Now perhaps my concept of "tribal" is a little, um, backward, but it looks to me like what is going on here is another example of a Muslim society letting men have it two ways while women get humiliated, abused, or even killed. Don't forget that Mukhtar Bibi wasn't even before the panchayat for anything she had done. The gang rape's supposed "legal" purpose was to punish her family for an infraction her brother had committed (an allegation which was very likely fabricated anyway to cover for the elders' having gang-raped him earlier in the day).

These men need to be brought up to speed. We can't share a planet with this and call ourselves good (or safe, for that matter).

Monday, March 07, 2005

Daniel Schorr reconsidered

Click the title to read Daniel Schorr taking his first tentative bite of crow after two years of treating the Bush administration like a political piñata. Here's an excerpt:

The movements for democratic change in Egypt and Lebanon have happened since the successful Iraqi election on Jan. 30. And one can speculate on whether Iraq has served as a beacon for democratic change in the Middle East.

During the run-up to the invasion of Iraq, President Bush said that "a liberated Iraq can show the power of freedom to transform that vital region."

He may have had it right.

Thanks for the frankness, Mr. Schorr. Perhaps the Left will save itself after all, if another hundred million people or so admit that Bush, Rumsfield, Rove, and Wolfowitz are not so misguided or evil after all. Democracy does bring positive change, even (or perhaps especially) when imposed by force. Afghanistan is free and functioning, Libya has come in out of the cold, the mullahs in Iran are finding that even its old lapdogs won't come when called, Pakistan's peddling of nuclear technology has been exposed and ended, voters in Egypt are looking forward to the novelty of a ballot offering a choice of candidates, and now Syria's long-ignored invasion and occupation of a sovereign nation (and UN member state) is finally coming to an end. (Incidentally, how much howling would there be if Bush were to announce he plans to keep US forces and the CIA in Iraq and influencing elections until 2030? Chirac and the rest of the cynical European gun merchants don't seem to care so much about occupation when the occupiers are making deals with them.)

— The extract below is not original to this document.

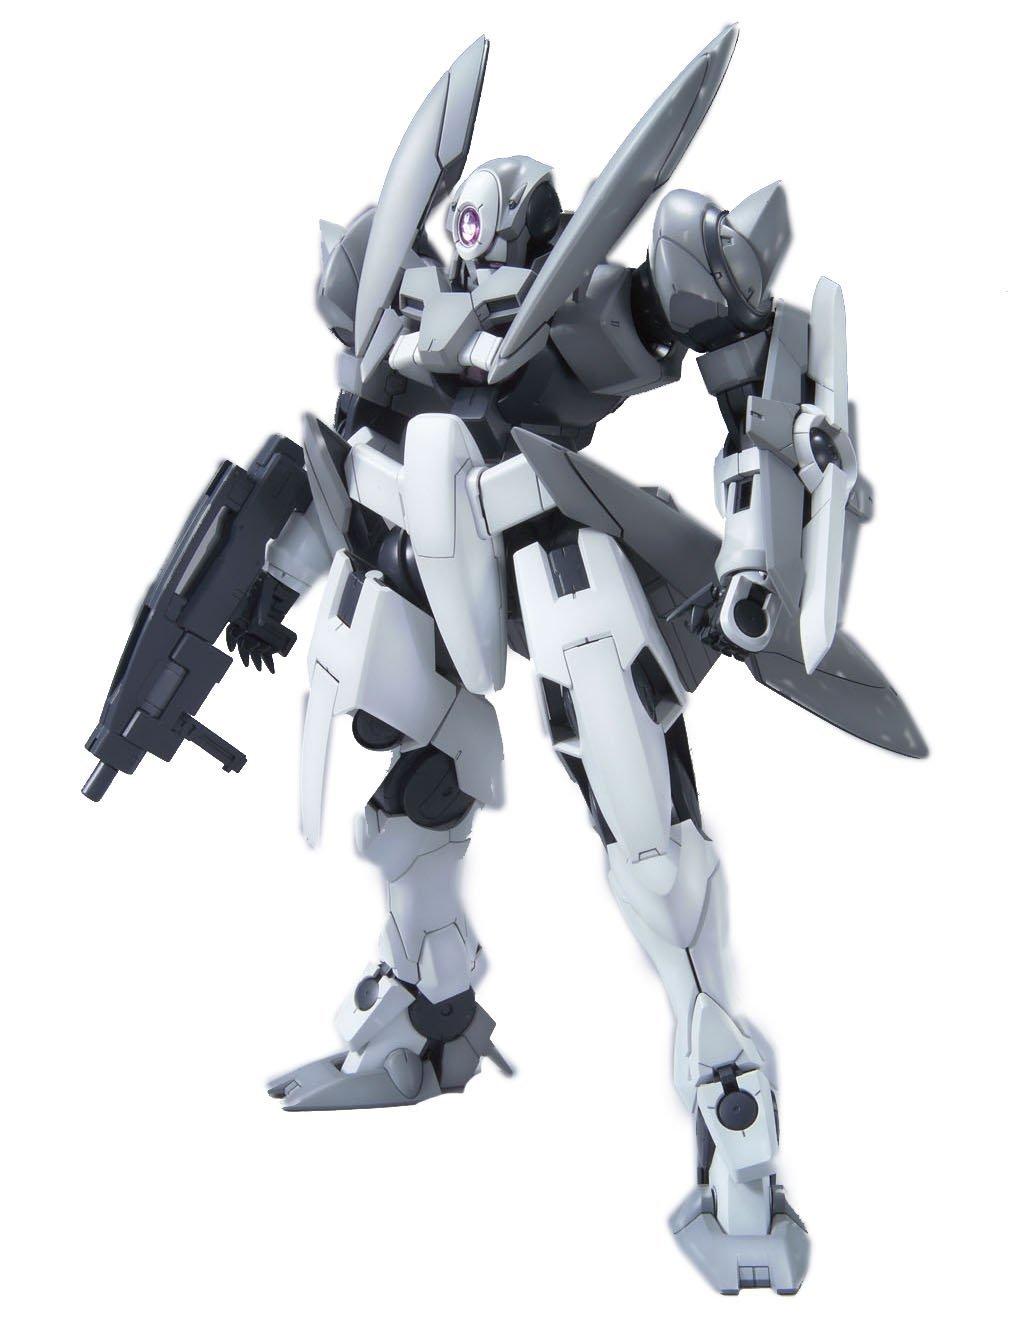 Gundam Master Grade Gundam 00 1/100 Scale Model Kit: GNX-603T GN-X

Thank you, Mr. Schorr, for having the nerve to reconsider your take on the situation when so many others on the Left clench their eyes shut at each positive development in the Middle East. And thank you, also, for finally admitting that the Bush administration did offer another (more sensible) rationale for the invasion than weapons of mass destruction. As with the elimination of the Hussein regime in Iraq, better late than never.

Well, here goes ...

Let's see if I can put these hours of news sifting and thinking to some use.